4.2. Strengths of This Study

Strengths of this study include the study population that represents underserved, minority populations including White, Native American, and Hispanic miners. The mobile, rural recruitment strategy also allowed for broader geographic inclusion, including reaching individuals who are less likely to attend a hospital-based, fixed clinic. In addition, assessment of molecular biomarkers in an at-risk, occupational cohort is novel and important to understanding possible molecular targets relevant to occupational and toxicological exposures.
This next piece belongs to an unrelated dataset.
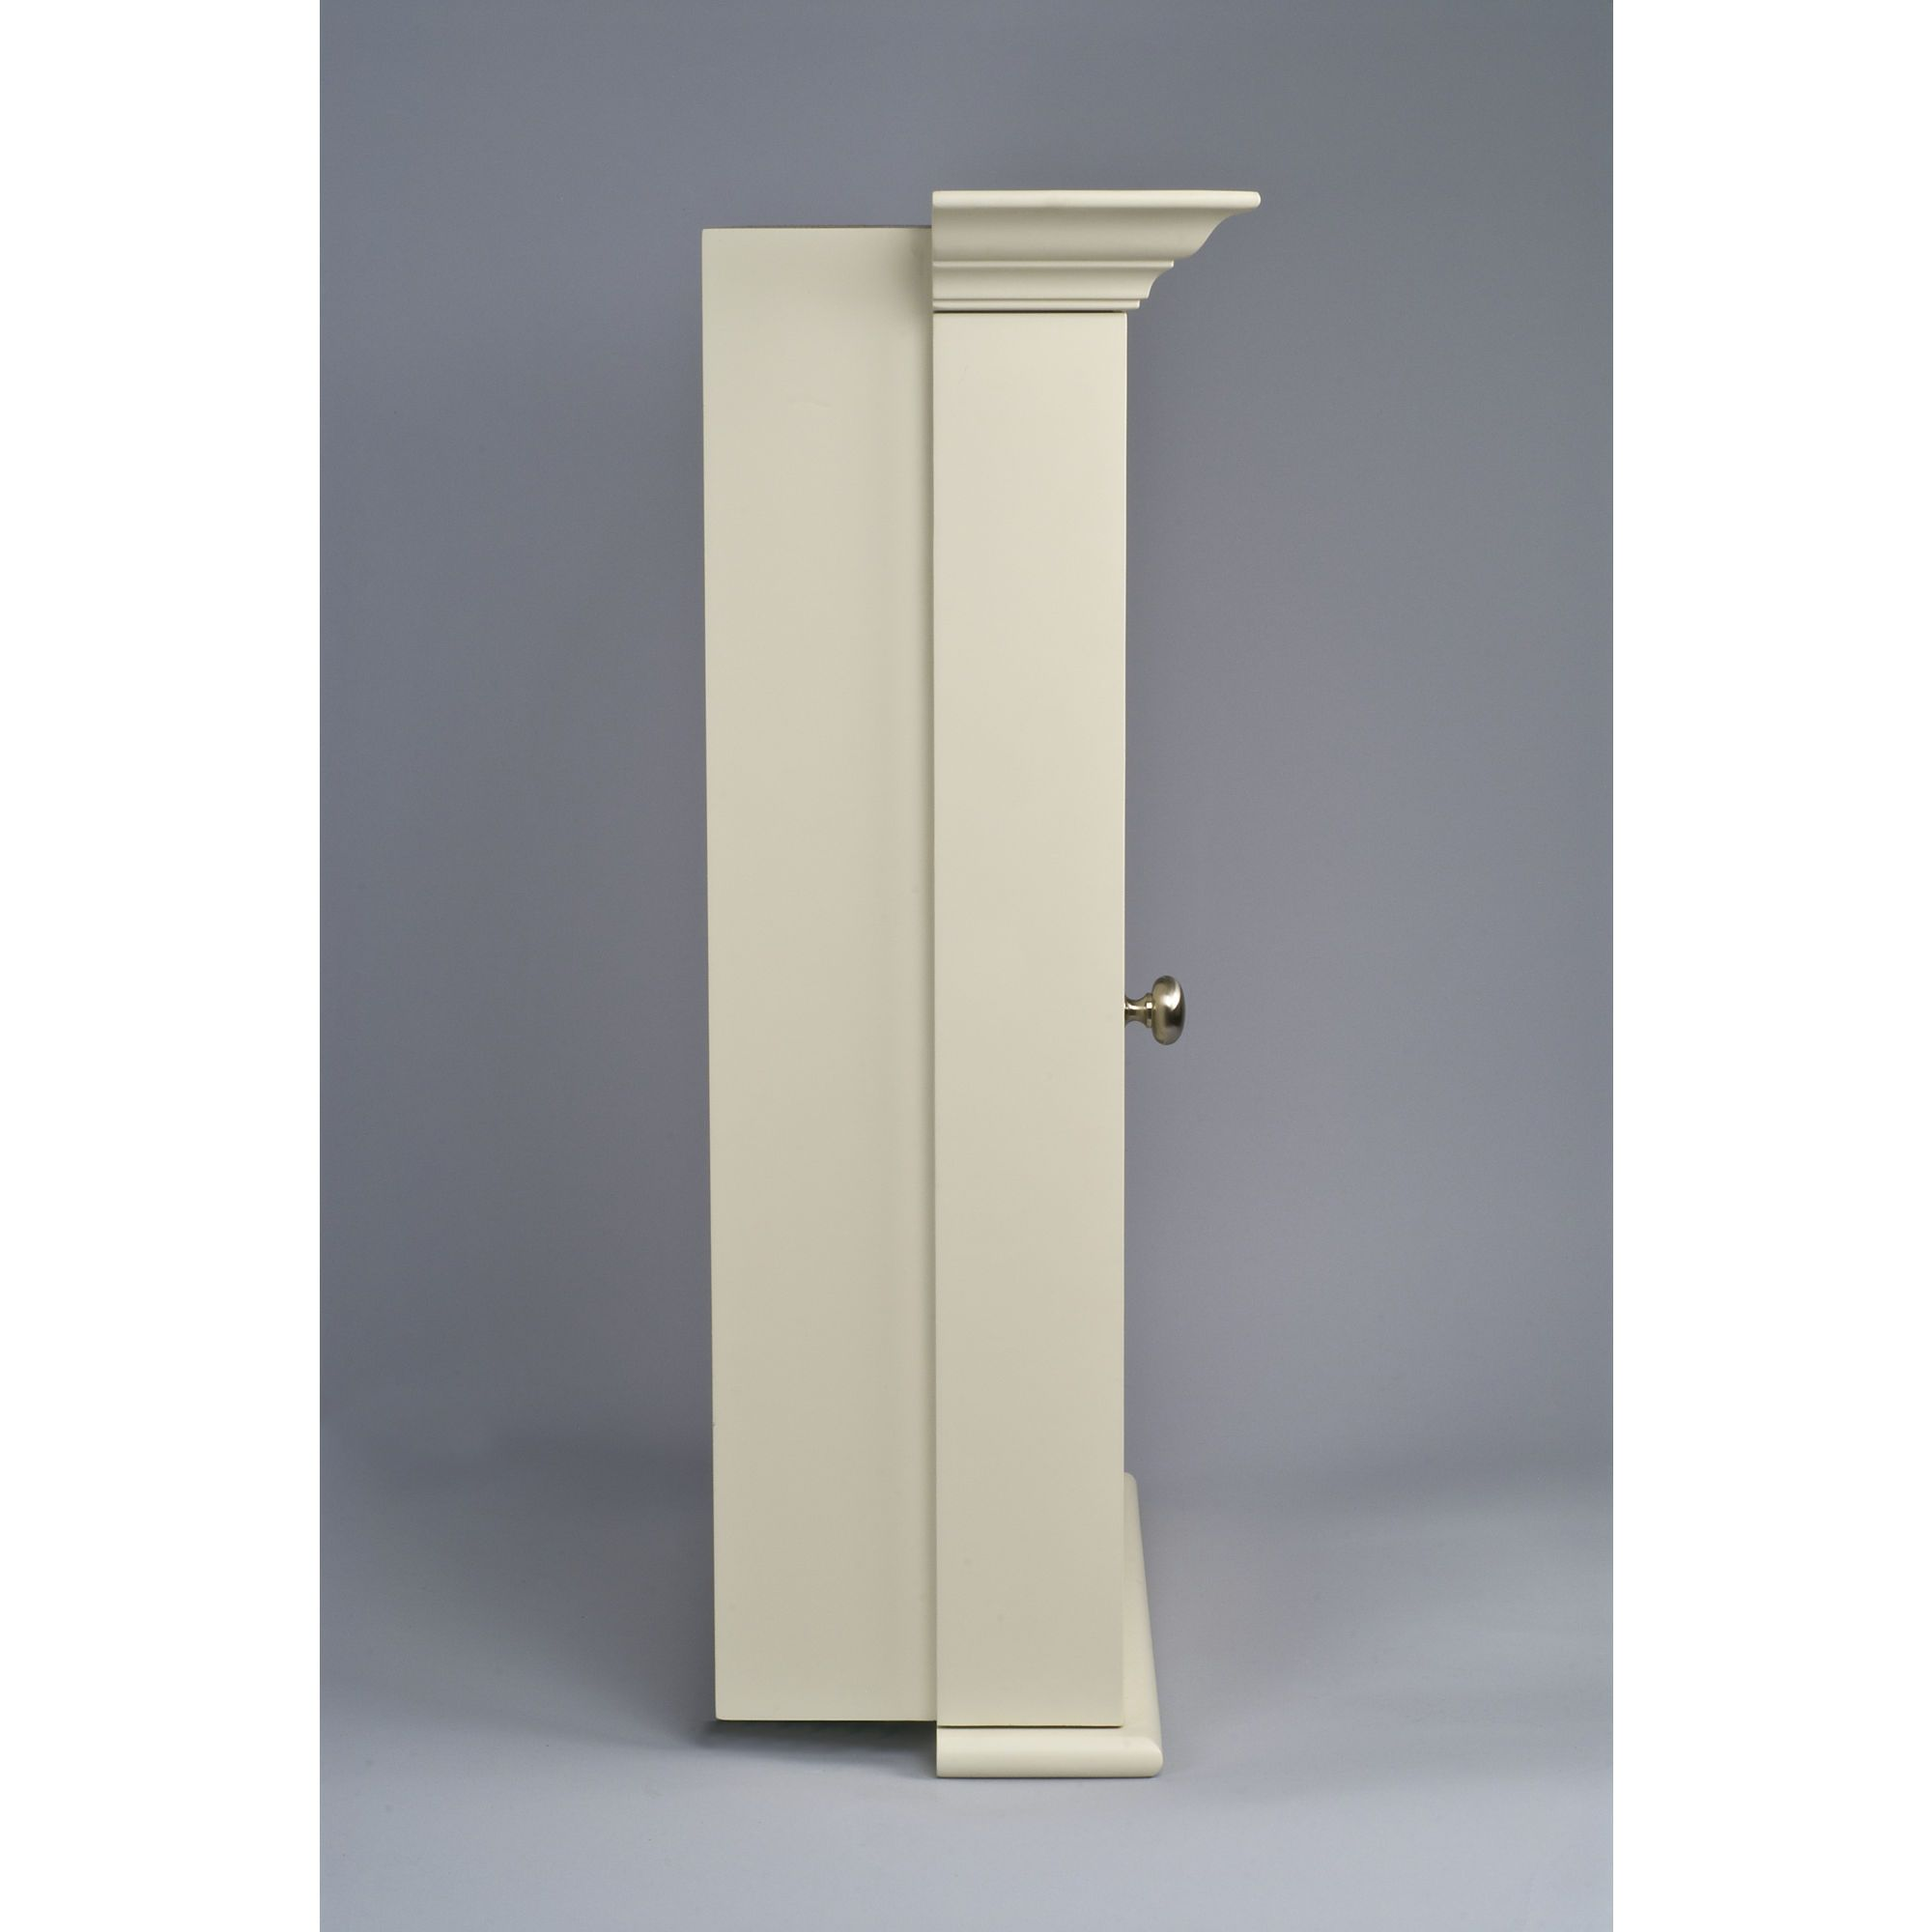 Stupendous Ilfracombe 25 75 X 30 13 Recessed Medicine Cabinet 589 Interior Design Ideas Philsoteloinfo

4.3. Potential Limitations

The major limitation of this study was the small sample size, which decreases statistical power and increases uncertainty in selecting the best model. We are aware that these results should be repeated with a greater number for both U and non-U miners, and ongoing studies are in the process of recruiting more patients from multiple sites. Future studies will include miners recruited from both MCMC mobile outreach and the UNM-H Pulmonology Clinic. Additionally, U-mining tenure (years of U-mining) was based on self-report and therefore subjected to recall bias. Furthermore, although the SCIP assay is sensitive, detecting endothelial dysfunction in lieu of canonical cytokine changes, it is not necessarily specific to occupational exposures. However, given the preliminary and pilot nature of this study, the data collected from our study are immensely valuable.

5. Conclusions

These findings suggest that U-miners may be at higher risk for CVD, based on their molecular biomarkers and that the SCIP assay may serve as a novel way to assess circulating inflammatory potential following occupational exposures in the mining industry. Further research is warranted to decipher specific circulating, serum-borne factors that may play a role in occupational disease.